Saying goodbye to a tennis legend

Late last month, family members, friends and fans bid farewell to Martin Sayer ’09, MBA ‘10, Radford University's all-time winningest men's tennis player and a former head women's tennis coach.

Sayer died in his sleep while at home on July 25, 2023, at age 36.

He was "the greatest men's tennis player in Radford University history," according to a July 26 story about his passing by sportswriter Mark Berman. That report also appeared in the Richmond Times-Dispatch.

Born in Hong Kong, Sayer was nationally ranked since he arrived at Radford in 2005 – the first Highlander to achieve that distinction – and became one of the most prominent tennis athletes in the history of both the school and the Big South Conference, reaching extensive levels of success not previously achieved by Radford's players.

He was a four-time Big South Player of the Year, taking the Big South singles crown each year, as well as Mideast Region Rookie of the Year. Across his four seasons at the No. 1 singles position, from 2005 to 2009, he won a school record of 114 matches. During each of his four years of student play, he was selected for the NCAA Singles Championship.

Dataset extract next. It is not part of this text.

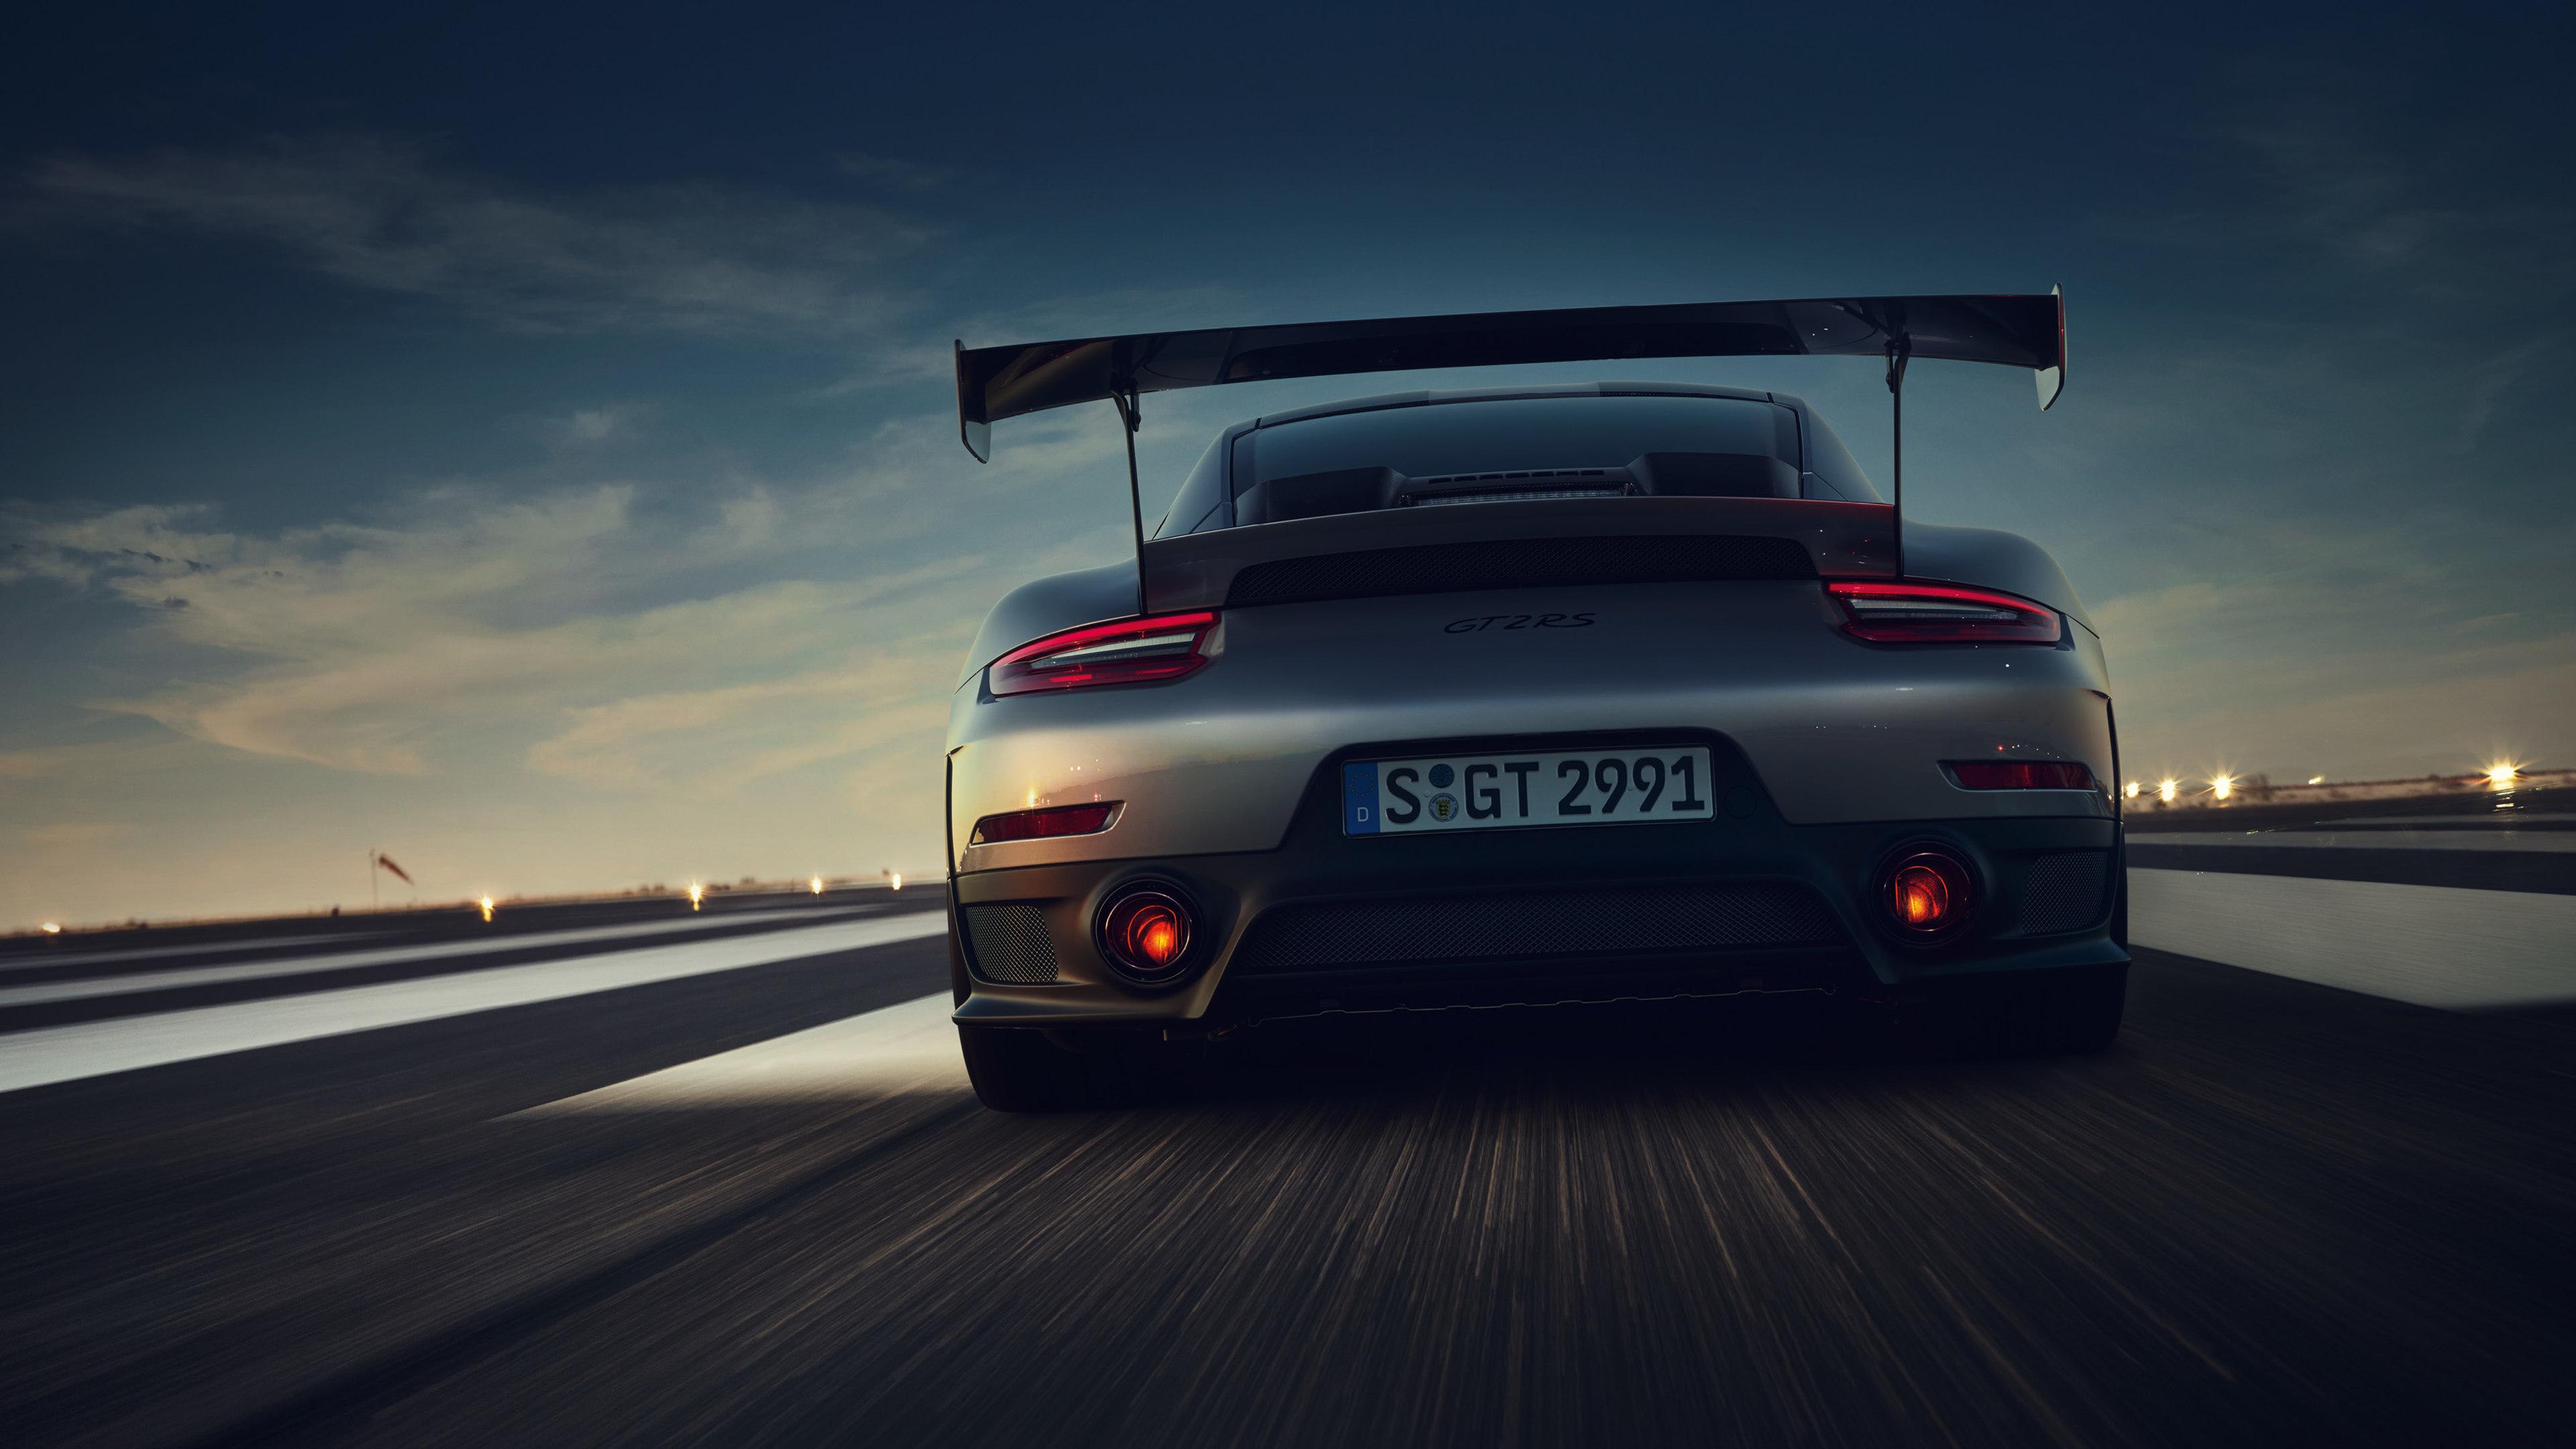 2018 porsche 911 gt2rs 1539108591 - 2018 Porsche 911 GT2RS - porsche wallpapers, porsche 911 wallpapers, hd-wallpapers, cars wallpapers, behance wallpapers, 4k-wallpapers, 2018 cars wallpapers

Here’s a Big South video profile of Sayer, produced in 2009 during his senior year.

Internationally, he climbed as high as 25th in the Junior World Rankings and later represented Hong Kong on its Davis Cup team, according to his obituary.

In addition to getting his bachelor's degree as an undergraduate, Sayer also earned his MBA at Radford while acting as the men's assistant coach. He enjoyed a distinguished career as Radford's women's coach before departing to serve as an assistant coach of the Virginia Tech men's tennis program in early 2016.

“He cared about the kids,” Hokie's men's coach Jim Thompson told Berman. “Just an unbelievable person."

Funeral services were held Thursday, August 3, and a GoFundMe effort has been established in Sayer’s memory.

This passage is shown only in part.